What in the Hell was that?
Why would he say Denis is dangerous? That doesn’t make sense. He must have the two of them mixed up.
“Privet.” I lift my face to give Baron a smile and kiss.
He kisses me. “Privet, malyshka.”
I swear, I sense at least a third of the students in the bookstore watching us.
“That’s his wife,” someone murmurs. I hear other snippets of gossip around us.
“...arranged marriage...Russian mafiya…”
Baron truly is famous on this campus.
And now, so am I.
I don’t mind the attention.
He takes the new book from my hand and the book bag from my shoulder and puts an arm around me as we walk out to the murmurs around us.
“OMG, so jealous…they’re so cute…”
“Yeah, but do you think it’ll last?”
Chapter Twenty-Three
Lara
Wednesday night, Baron takes me out to a fancy dinner and gets me tipsy on a hundred dollar bottle of wine and lobster.
He pulls me close as we leave the restaurant. “I loved our first date.”
“Is that what we’re calling this?” I tease. Having a first date after I’ve already done everything else with this man–married him, had wild and crazy sex, broken the law, played in a dungeon–seems laughable.

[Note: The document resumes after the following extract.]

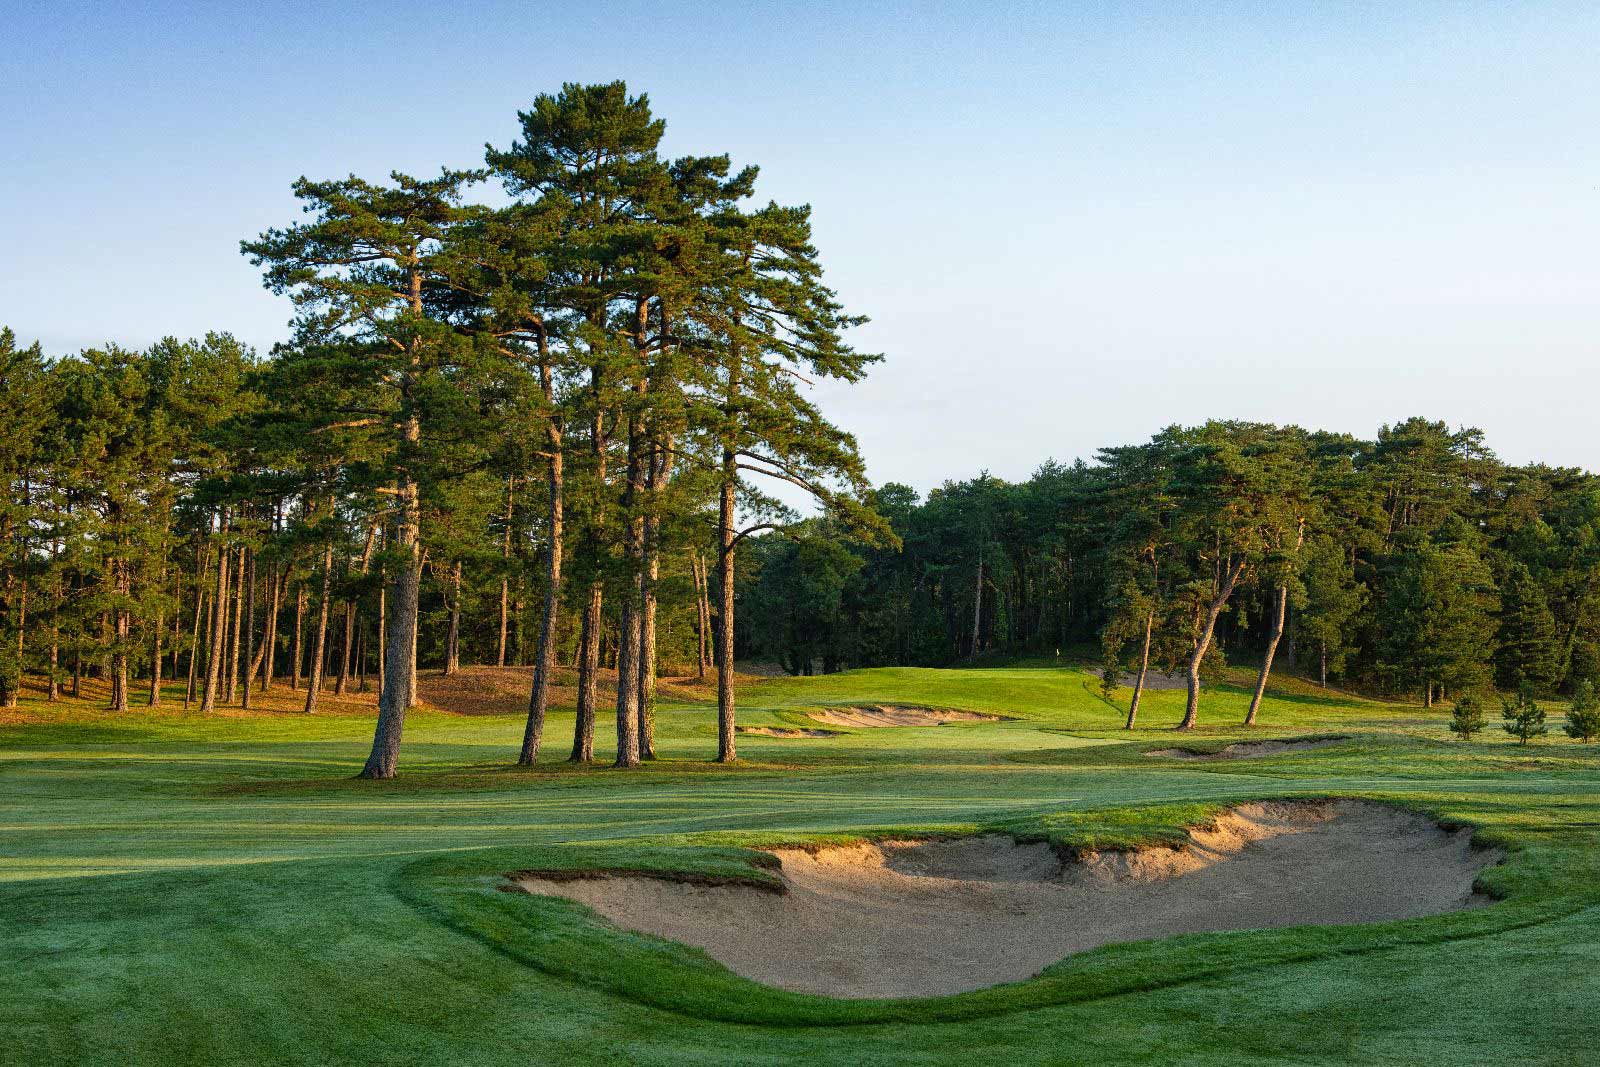 golf expedition golf reizen frankrijk regio pas de calais le manoir hotel golfbaan in natuur.jpg

But he’s right. It felt like a first. I had the fizz of excitement in my belly when he told me he was taking me out, and I have it now going home with him.
This is the first date I wanted to go on with him. Even though he came on strong before, now that I care whether he loves me or not, his attention puts a glow of happiness around me.
We get to the SUV, and he opens my door and hands me in.
He leans his arm against the doorframe like he did that first day he picked me up from the airport. He looks like he’s going to say something, then seems to change his mind and shuts my door and gets into the driver’s seat.
As we drive back toward campus, the sound of sirens grows louder.
I crane my neck, peering out the window. “What do you think is going on?” I ask. “Is that smoke?”
“I think it’s possible there was a fire at Titan House while no one was there.”
I suck in a sharp breath as I realize our date was also a public alibi for Baron. I consider it for a moment. Do I hate that he took down the organization that tried to pin a rape charge on my husband and assaulted a young woman to do so?
No. No, I don’t.
I also appreciate that he said no one was there. So he didn’t harm anyone. He just got retribution. The Titan House parties suffering as a result of Baranov House activities will no longer be an issue this year.
“Well,” I say, “That sounds like karma to me.”
Baron looks over with a flicker of relief, and I realize he was bracing for my reaction. The flutters start up again.